2 On 4 June, 1947, several months after the payments in question were known to all the authorities concerned, another member of the Foreign Office staff had commented, after receiving information from a member of his staff that had been requested by MI5:

 

"I feel bound to observe that it seems to me most regrettable that we should still be pursuing this matter more than two years after the end of the war in Europe. I do not think that anyone would seriously deny that ‘L’affaire Wodehouse’ was very much a storm in a teacup. It is perfectly plain to any unbiased observer that Mr Wodehouse made the celebrated broadcasts in all innocence and without any evil intent. He is reported to be of an entirely apolitical cast of mind; much of the furore of course was the result of literary jealousies.

 

Assuming that the present payments prove to have been innocuous I would suggest that in any reply we may make to Mr Wakefield we should take occasion to deprecate MI5’s apparent enthusiasm for the chase and to indicate that in our view this matter is trivial in itself and at the distance of time, cast off into oblivion . . . "

 

3 Whilst trying to assist Mr Wakefield with his investigations, the Foreign Office also conducted a search for mentions of Wodehouse in German documents, but Mr A C Johnston confirmed on 21 July, 1947 that "there is no sign of him in the lists of British broadcasters for the enemy".

 

4 Mr G H Wakefield of MI5 spent several months trying to obtain specific information about four payments (those of 100,000, 180,000, 60,000 and 60,000 francs mentioned above) made between May and August 1944, presumably to add to the weight of evidence should any prosecution take place. After failing to do so, he wrote on 25 July, 1947 to Mr Allchin:

 

"I feel fairly confident . . . that if he were doing anything at all to earn these payments – of which we have no evidence whatsoever – it was not of a very treasonable character."

 

On receiving this letter a member of the Foreign Office staff had added "I hope that this file is now finally closed", and Mr Allchin, in his reply to Wakefield, wrote:

 

"It looks as if the file might now be closed, never, let us hope, to be re-opened."

30

It has been suggested that the MI5 papers from 1946 and 1947 show that, if he had returned to the UK, Wodehouse would have been prosecuted, as a result of the disclosure of the payments made through the German Embassy in Paris.

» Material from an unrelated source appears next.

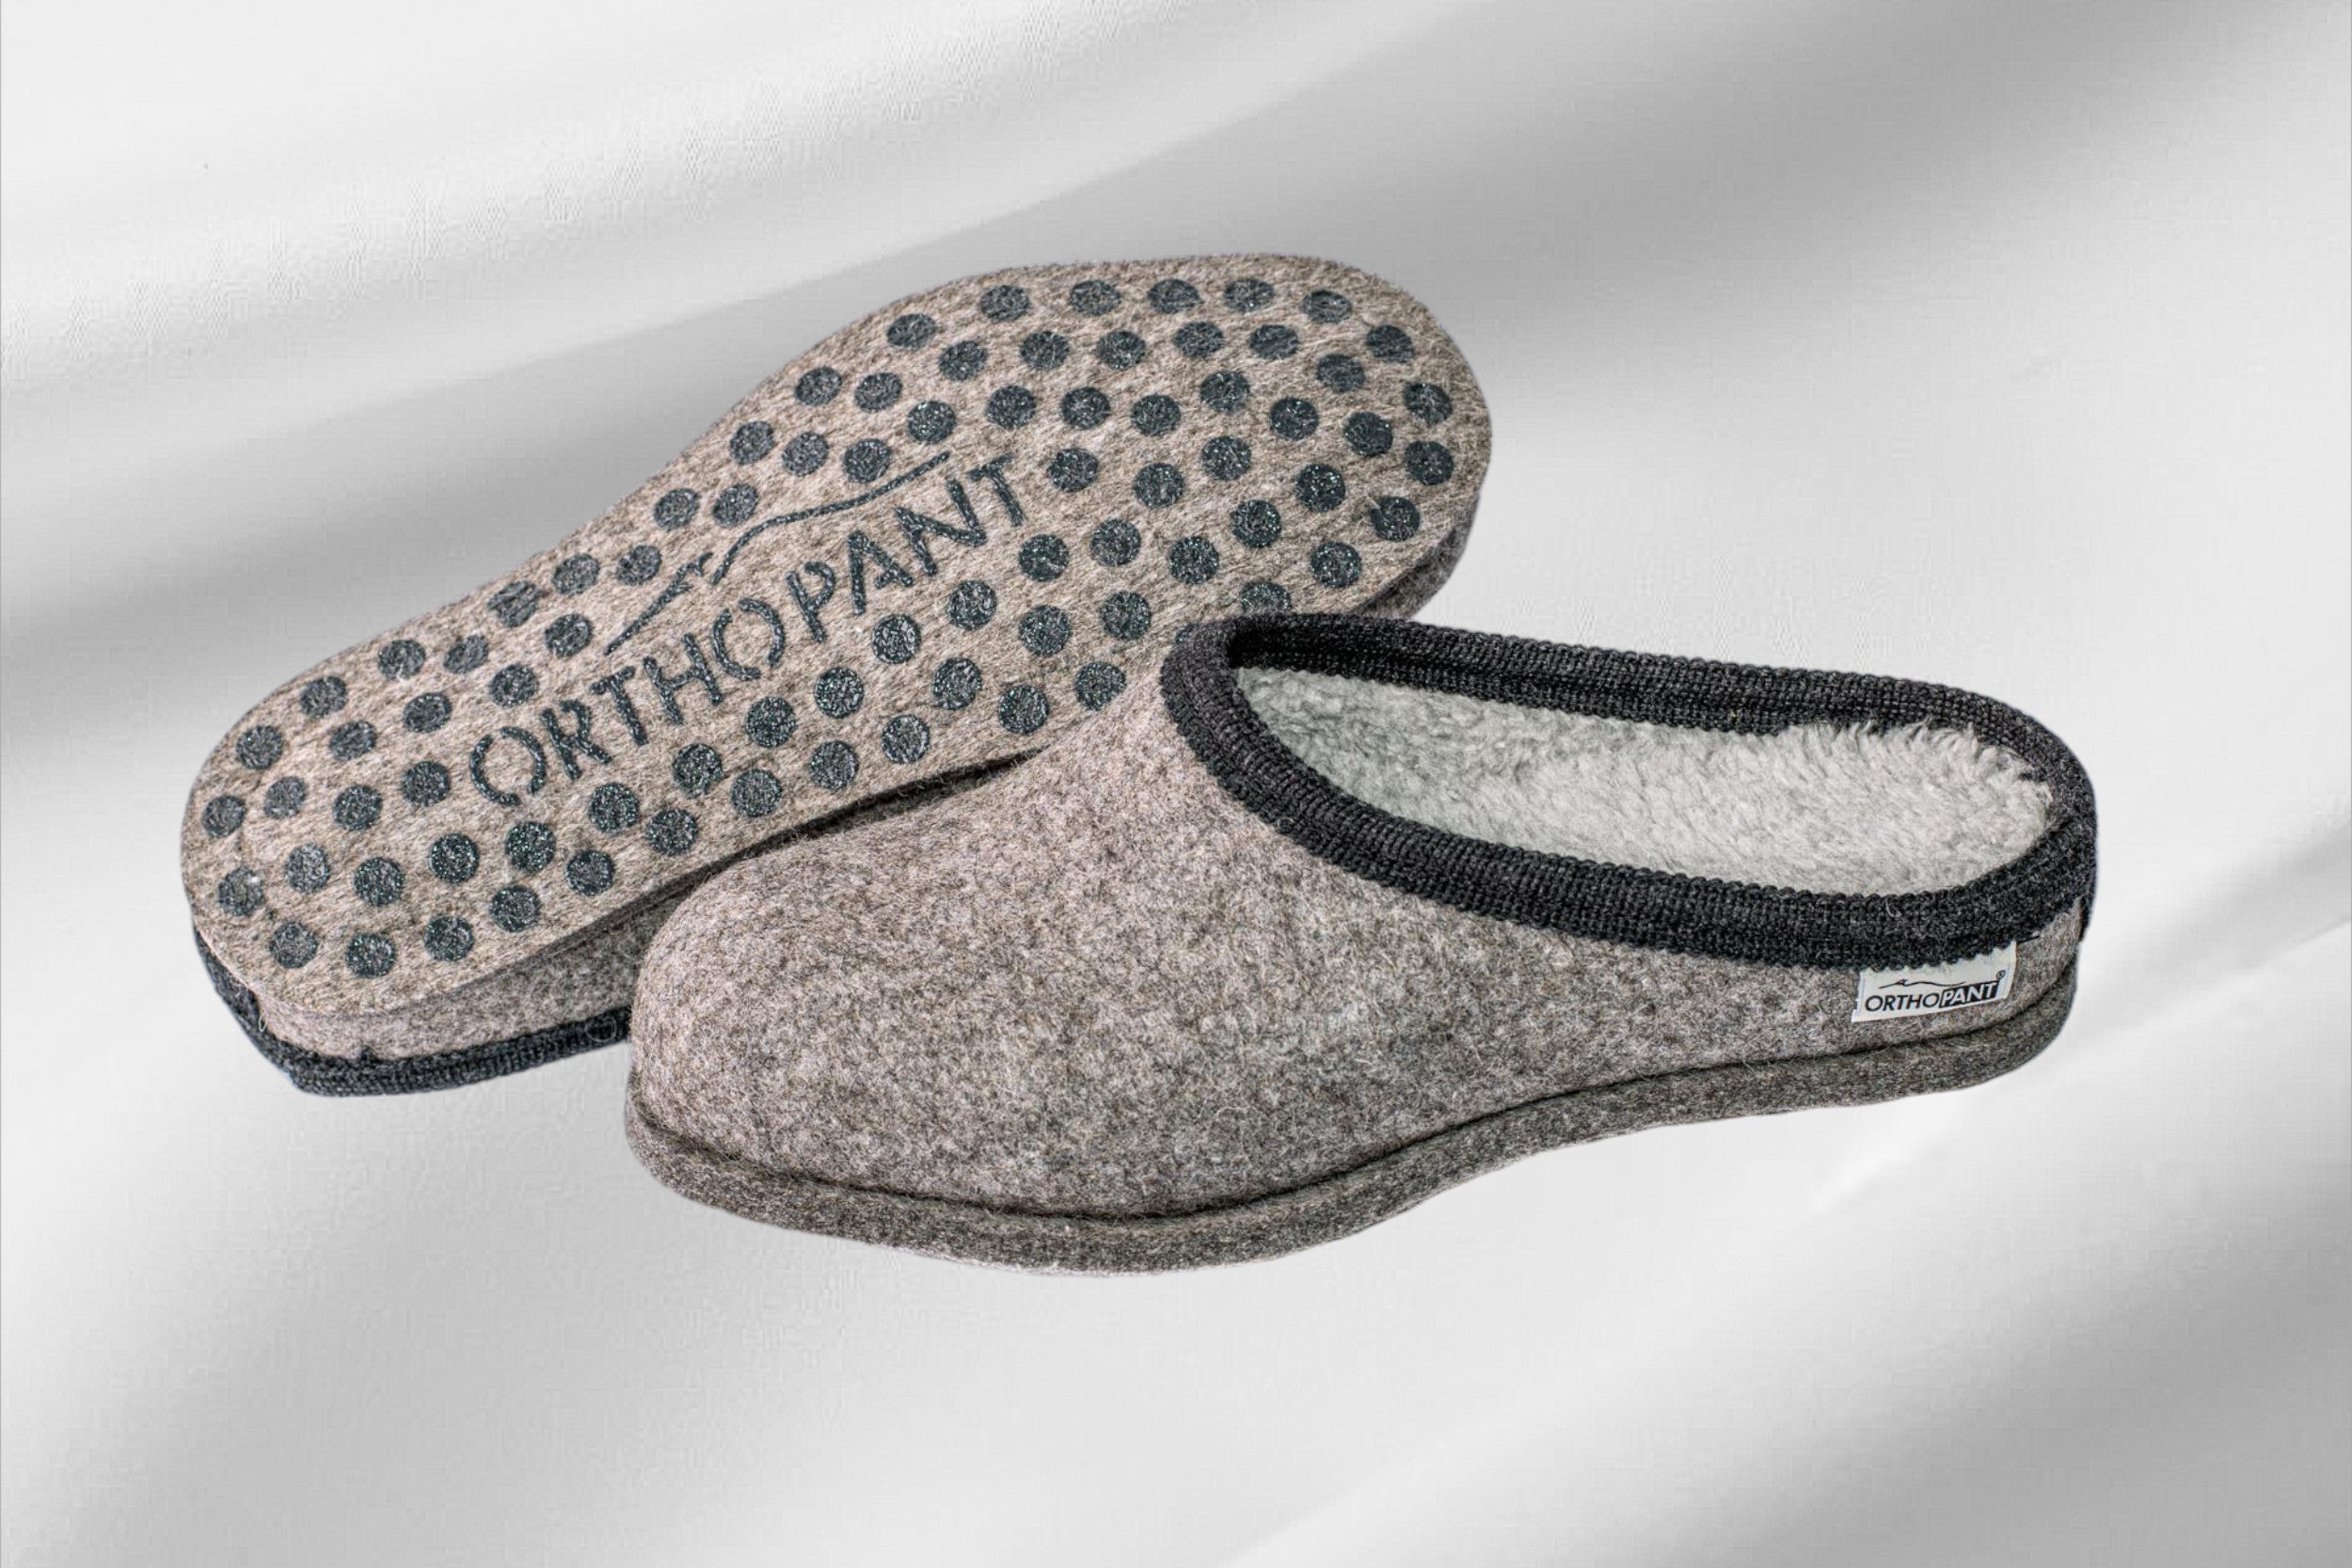 Pantofole in feltro BAITA - grigio con bordo nero

This is NOT the case for two reasons. First, although the Director of Public Prosecutions had previously advised that there were no grounds on which to proceed in any action, a letter of 18 December, 1946 to Mr Wakefield from Mr B A Hill, reporting a conversation with the Director, makes it clear that the Director’s view had changed somewhat, having been influenced not by the evidence of the payments but by a new interpretation of the law relating to broadcasts on enemy radio. The Judge in the William Joyce (Lord Haw-Haw) case had ruled that the motive that prompted a broadcast should be regarded as immaterial. In the light of this new interpretation, the Director now believed that if Wodehouse were now brought to trial a jury could be invited to decide his innocence or guilt in relation to the 1941 broadcasts (which had been light-hearted in content and made to a neutral America).

31

But secondly, the letter records that in any event NO final decision whether or not to prosecute was taken as Wodehouse was not in the country.

32

So Plum Wodehouse received no formal clearance at that time to return to the UK, and in 1947 he and Ethel sailed from France to America where they lived with their dogs and other animals on Long Island. It was not until the early 1960s that a clearance to return was given, on request, by the then Attorney General. However by 1955 Plum, at the age of 74, had taken American citizenship and the lingering possibility of a return visit to the UK had finally disappeared. Happily the Knighthood that he was awarded shortly before his death in 1975 made some amends to him for having been physically cut off from the one country in the world that he loved above all others.